Women all over the globe are navigating the same financial obstacles as you are. Tackling them together with a refined purpose can make a massive difference in the impact of your combined efforts.
Solidarity leads to solutions, after all.
A loyal and engaged social media following can also come in handy if you encounter blatant workplace discrimination and need external support to get justice.
Social networks — and the sisterhoods that women are forming there — are effectively reshaping modern feminism.
Improve Financial Literacy
Women generally lack knowledge about financial products, concepts, and services. Although this results from centuries of exclusion from financial decisions, there are things we can do today to recover and overcome.
A great place to start is personal finance blogs that specifically cater to women. You'll find gender-specific financial information that'll empower you to take control of your financial future.
If you find yourself feeling overwhelmed by the sheer weight of information, remember to take things one step at a time.
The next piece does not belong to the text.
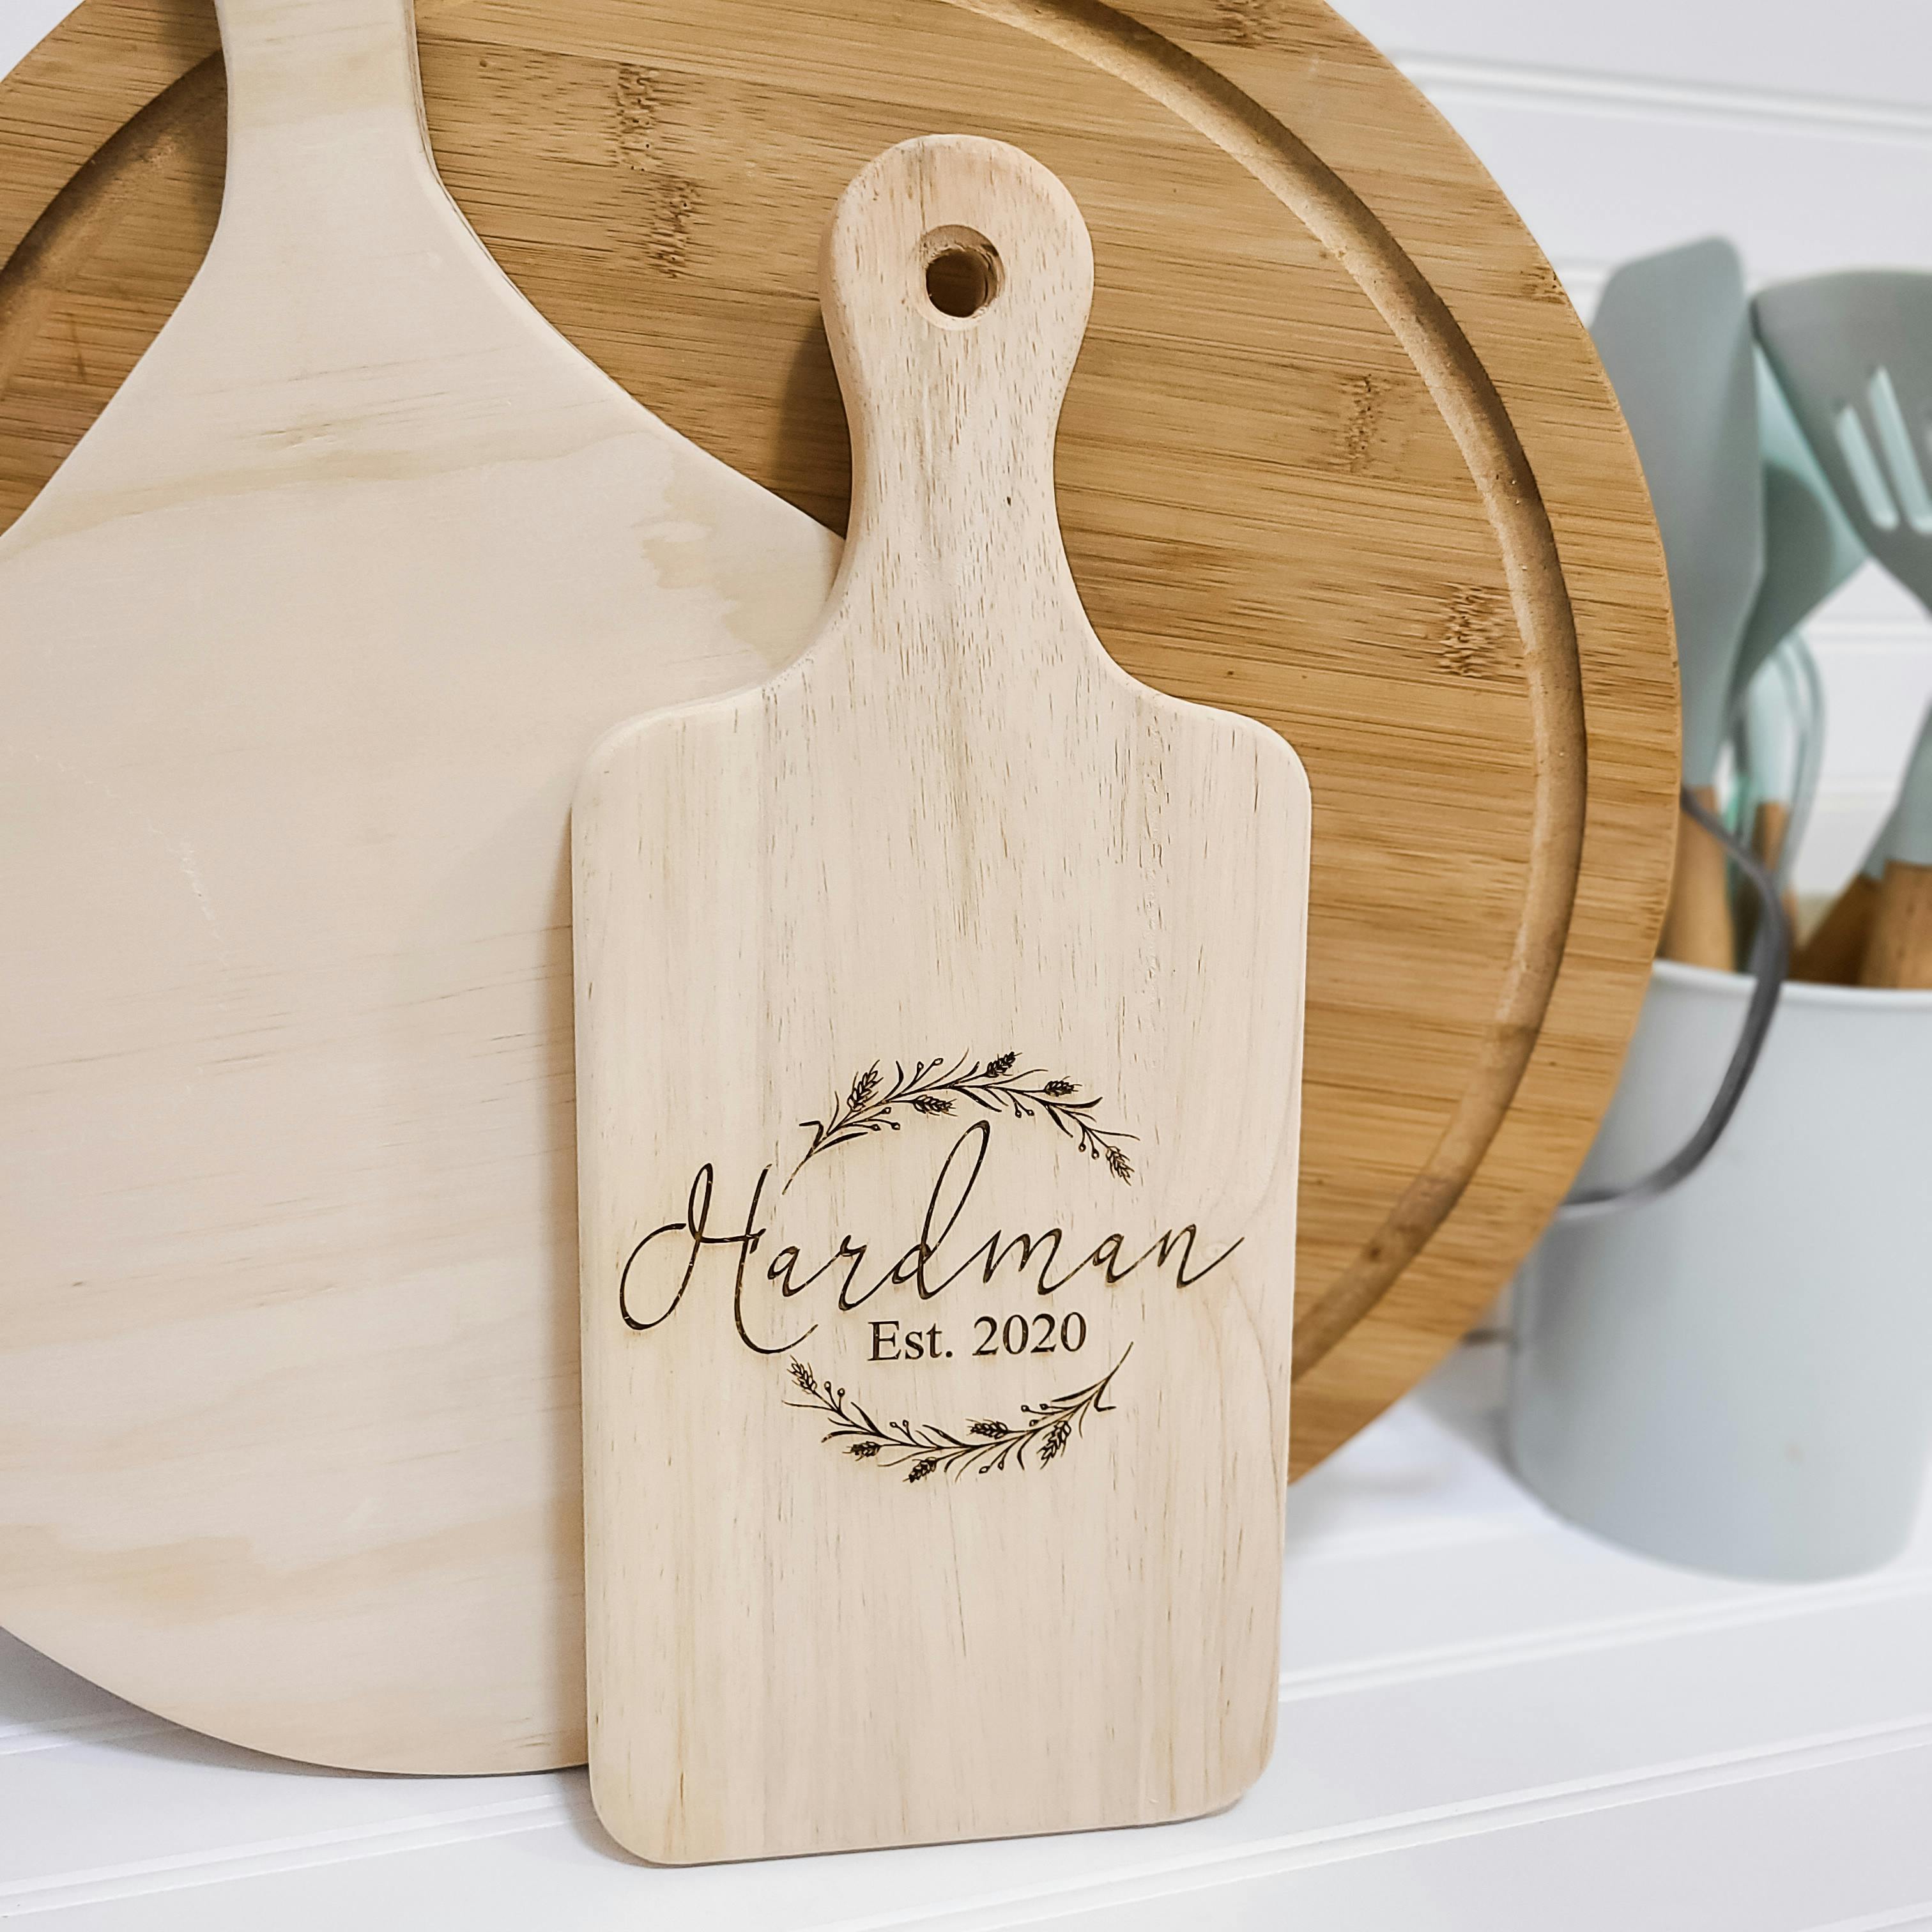 Personalized engraved charcuterie board

You've had a centuries-long disadvantage, and for every step you take forward, you catapult womankind further into gender equality.
Open Up to Investing
According to a Fidelity survey, 71% of women don't even view themselves as “investors.” This is quite boggling, considering that women who do invest are better at it than men.
Yes, women have relatively smaller incomes than men, but there's also fear at play here.
Men are more likely to invest and are known to take considerable risks when trading stocks and bonds.
On the other hand, women often choose the comfort of financial security over the uncertainty of potential profit.
When you want to defeat the investment gender gap, you'll have to get comfortable taking some financial risk. Women need to invest and not just save their money.
Buy Male Products
Short and sweet— products for men cost less. Look for alternatives to personal care items, clothing, services, etc., that brands market towards men, and track how much money you save.
Some states in the U.S. are taking the initiative by moving to “ax the pink tax“.
Since 2016, Politicians have been introducing legislation to eliminate taxes in states like Ohio, Nevada, and New York.
As far as feminine hygiene goes, legislators are pushing to get rid of the tax on menstruation products, which are— as we all know— a necessity and therefore have tax exemption status.
This so-called “tampon tax” no longer exists in 17 states, including Florida, Maryland, and New York.
Final Thoughts on Financial Gaps Women Face
There isn't a quick fix for financial gender gaps, but you can take small steps toward overcoming them.
Read: Financial Planning: what, why, and how to create a financial plan
Remember that you aren't alone, and you're not crazy about pursuing the same financial milestones your male counterparts reach.
While it's irresponsible to suggest that women are 100% in control of their financial paths, the parts you can control have a significant impact on your future.
With strong negotiation skills, smart money management, and knowledge of financial concepts, you'll have the tools you need to close those gaps once and for all.